DELIVERING THE GOODS. In the hands of a creative leader, even the most prosaic Industrial Age enterprises can reap quantum efficiencies by applying the new management principles of the 21st century corporation. No company proves that better than Cemex (CX), which operates in one of the most mundane, commodity-driven businesses in the world: cement. Based in Monterrey, Mexico, Cemex was a modestly profitable business in 1985 when Lorenzo H. Zambrano, a Stanford University MBA whose grandfather founded the company, became chief executive. Cemex' biggest problem in an asset-intensive, low-efficiency business was unpredictable demand. Roughly half of its orders were changed by customers, often just hours before delivery. Dispatchers took orders for 8,000 grades of mixed concrete and forwarded them to six plants. The phones were often jammed with calls from customers, truckers, and dispatchers, resulting in lost orders and frustrated customers.
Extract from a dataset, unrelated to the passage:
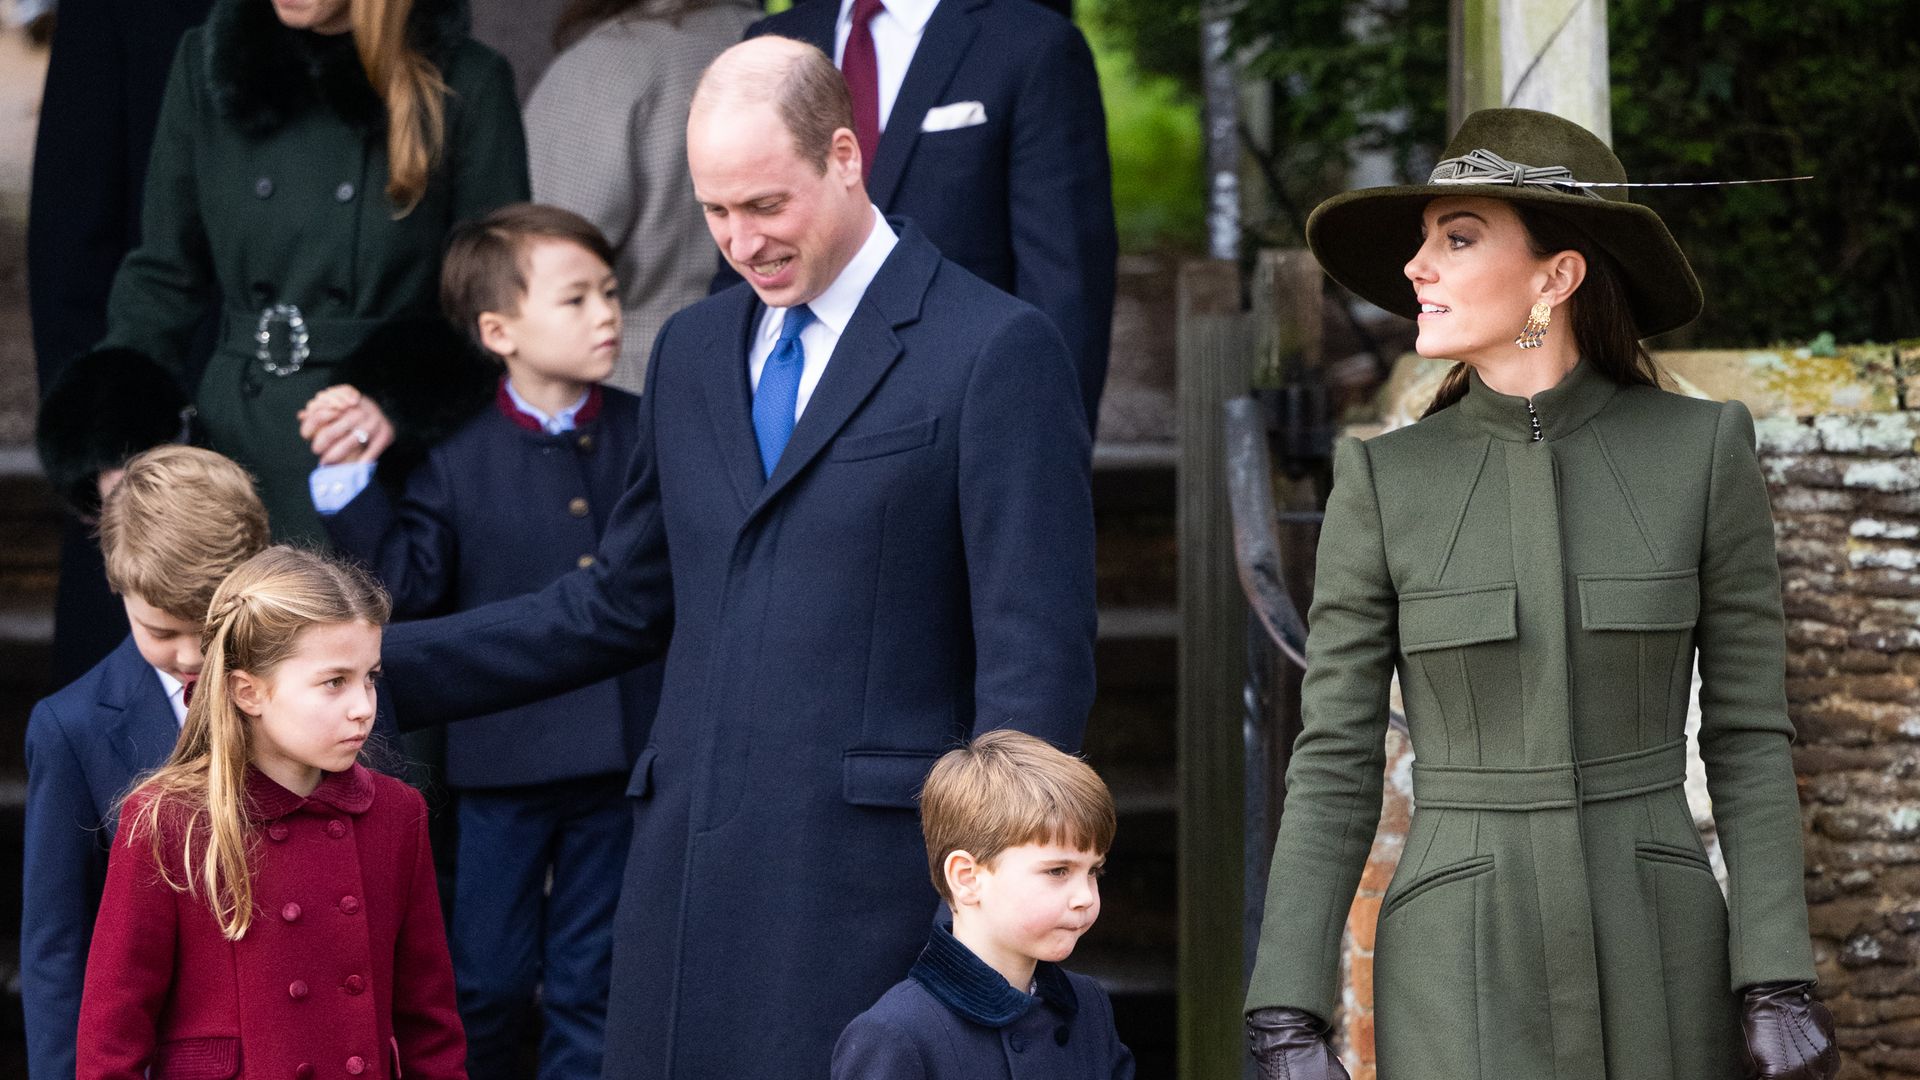 Prince George, Princess Charlotte, Prince William, Prince Louis and Kate at church

Then Cemex went digital, vastly reducing delivery and production problems. More important, the makeover helped management refocus efforts from managing assets to managing information. ''Technology allows you to do business in a much different fashion than before,'' says Zambrano. ''We used it not only to deliver a product but to sell a service.''
For starters, Zambrano linked the company's delivery trucks to a global positioning satellite system so dispatchers could monitor the location, direction, and speed of every vehicle. That means Cemex can quickly send the right truck to pick up and deliver a specific grade of cement, or reroute trucks around congested traffic, or redirect deliveries as last-minute changes occur. It reduced average delivery times from three hours to 20 minutes. Zambrano reaped huge savings in fuel, maintenance, and payroll, since Cemex now uses 35% fewer trucks to deliver the same amount of cement. And because it can guarantee delivery of a perishable commodity product within minutes of an order, it can charge a premium for it.
By digitizing, Zambrano also eliminated a lot of the friction that slowed down the company and added costs at every step. The company's customers, distributors, and suppliers can use the Internet to place orders, find out when shipments will arrive, and check payment records--without having to speak to a customer-service rep. That allows employees to shift from low-value repetitive work to improving services that build stronger customer relationships. Zambrano and his executives, moreover, now have access to every conceivable detail about the company's operations within 24 hours, compared with the more typical month-old data generated by competitors; they can now better respond to customers and rivals. ''They were able to substitute the management of information for the deployment of costly assets such as trucks, ships, and employees,'' says Slywotzky, who puts Cemex in a league with Dell and Cisco as one of the world's leading digital re-inventors.